第94話 本宮霜子-1
授業が終わり、帰りのホームルームの前に、俺は自分のクラスに戻った。
すると、教室の中で、平沢が一ノ関と、深刻な顔で話していた。
理由を尋ねようかと考えたが、今の、俺と一ノ関の状況を思い出して自重する。
ホームルームが終わると、平沢がこちらに歩み寄って来た。
「黒崎君。今日、水守さん達と一緒に、パトロールに行ってくれないかしら?」
「……俺が?」
「雨が降り始めたから、水守さん達には、パトロールに行ってもらうことになったのよ。でも、水守さん達は、前回の時に危ない目に遭ったから……貴方に、皆を守ってもらいたいの」
「待ってくれ。できることなら協力したいが、俺は、まだ戦える状態じゃないんだぞ?」
「大丈夫よ。
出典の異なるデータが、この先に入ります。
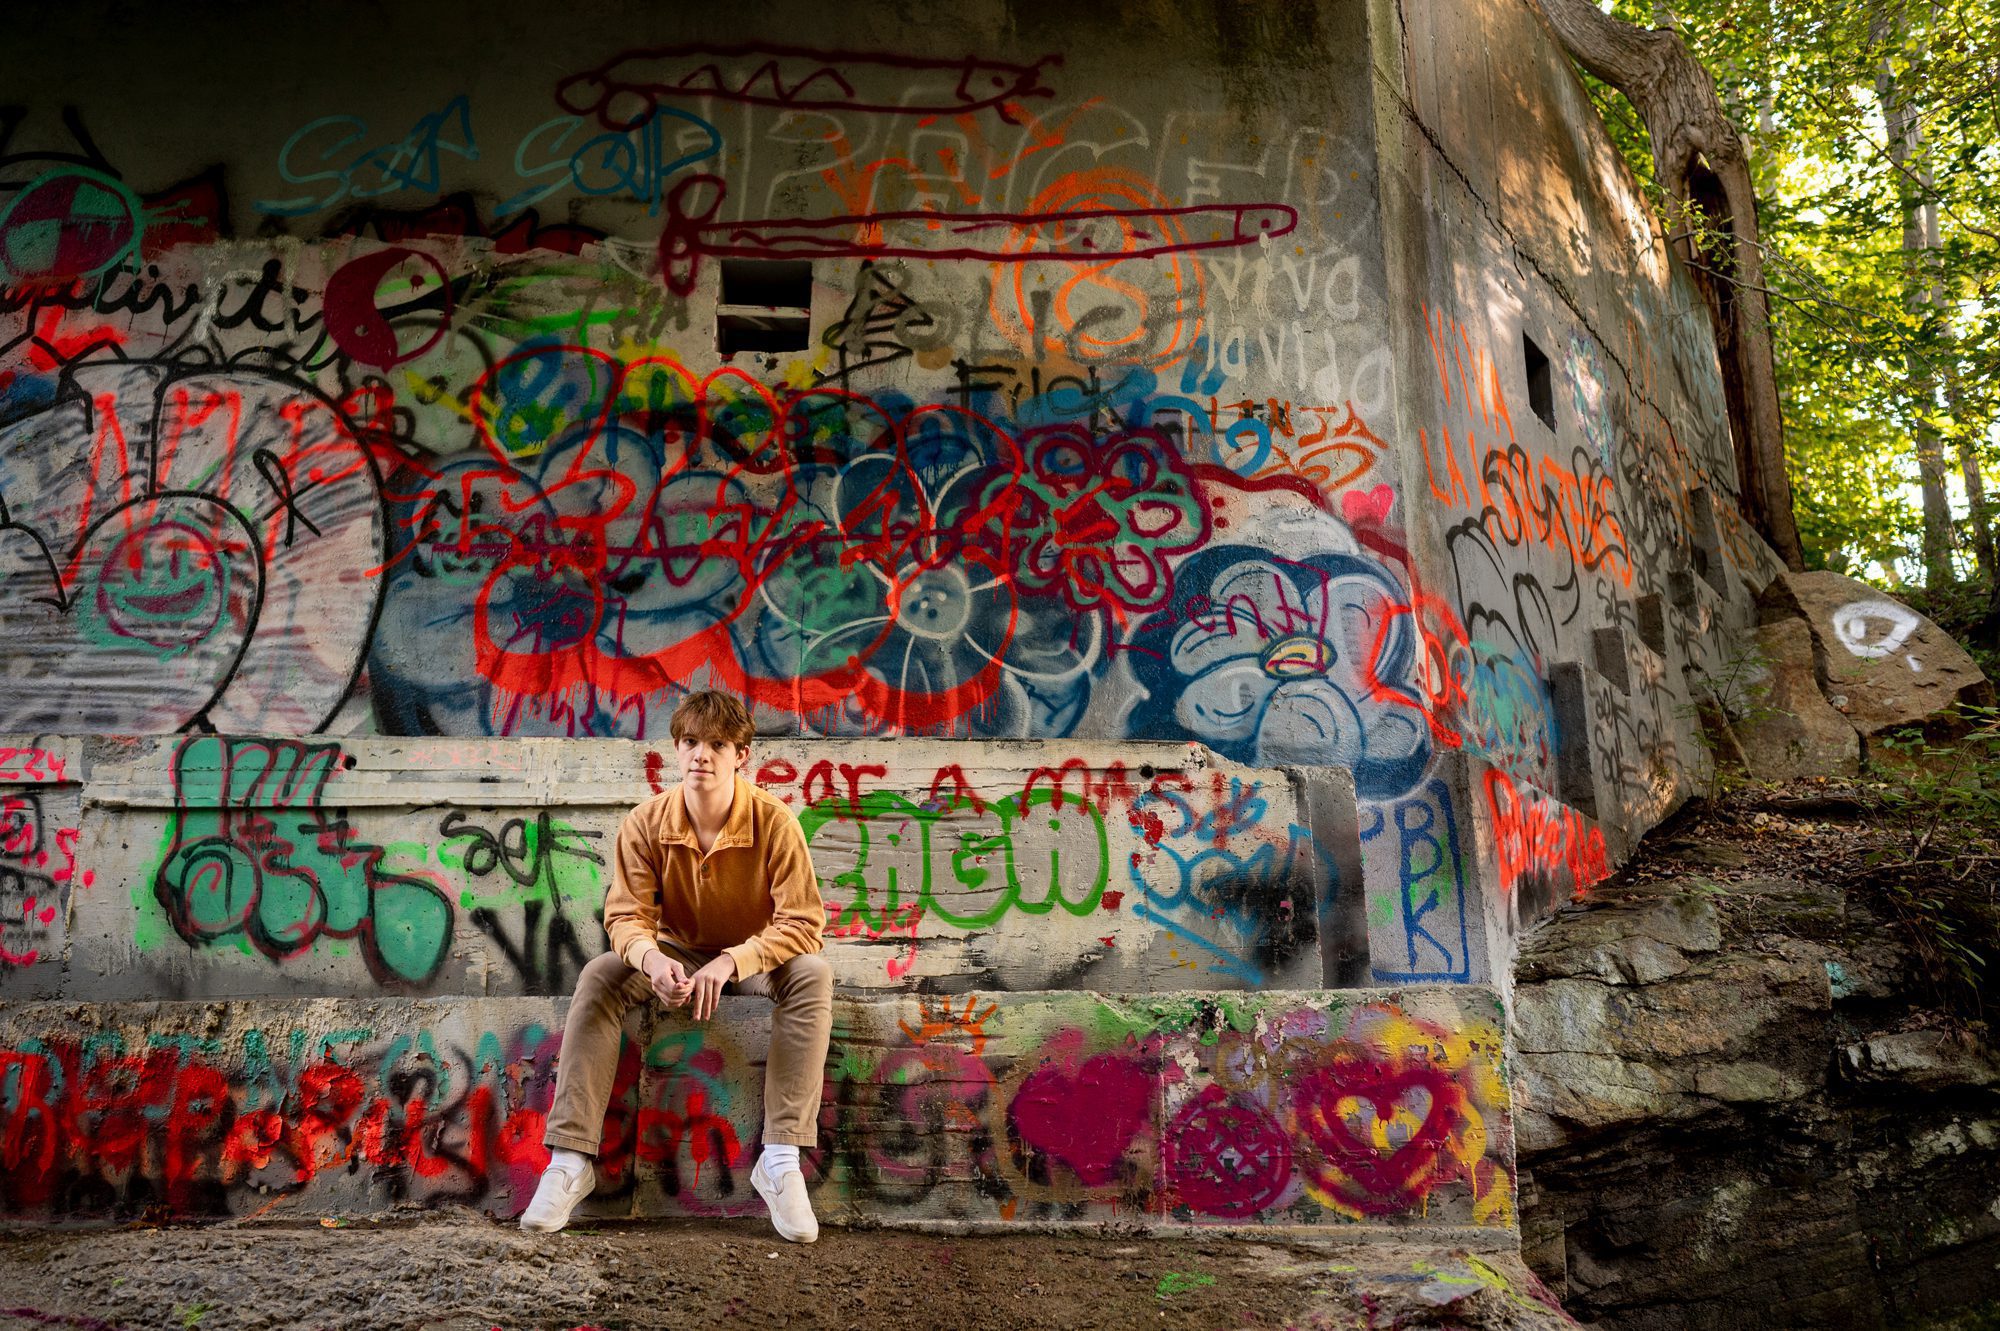 Teenager posing with graffiti

異世界人に会ったら、ミュレイさんの時みたいに説得してほしいだけなの。魔物と遭遇したら、貴方はすぐに逃げて」
「おい……。一ノ関たちは、前回、魔物に負けたんだぞ? 魔物と戦うための戦力も補わないと、前回と同じ結果になるんじゃないのか?」
「分かってるわ。だから……」
平沢は、周囲を見回して、1人の女子を呼んだ。
「雫さん、こっちに来て」
呼ばれた女子は、不思議そうな顔をしながら、こちらに近寄って来る。
こいつは……確か、渡波雫だ。
黒い髪をツインテールにしている、平沢の取り巻きのような女子の1人で、この間、俺に「あっかんべー」をした女である。
「麻理恵ちゃん、どうかしたの?」
「雫さんに、水守さん達のチームに入ってほしいの」
「えっ?」
平沢の言葉を聞いて、渡波は目を丸くした。
それから、俺の方を、白い目で見てくる。
「……どうして私なの? それって、つまり……そういうこと?」
そう言って、渡波は、自分の身体を抱くようにする。
一ノ関たちと同じように俺と結婚させられることを、警戒しているのだろう。
「勘違いしないで。水守さん達だけだと戦力が足りないから、貴方に加わってほしいだけよ」
「黒崎君が助けてあげればいいんじゃない?」
「まだ、黒崎君は戦える状態じゃないの。でも、異世界人と出会ったら説得してもらうために、彼もチームに加えることにしたわ」
「……ちょっと待って。つまり、私は黒崎君と一緒に戦うの? だったら、余計に嫌なんだけど……」
そう言いながら、渡波は、スカートを抑えるような仕草をした。
渡波も、一ノ関と同じように、短いスカートを履いている。
普段は男の目を警戒する習慣がないので、戦っている時に、中を見られるのが嫌なのだろう。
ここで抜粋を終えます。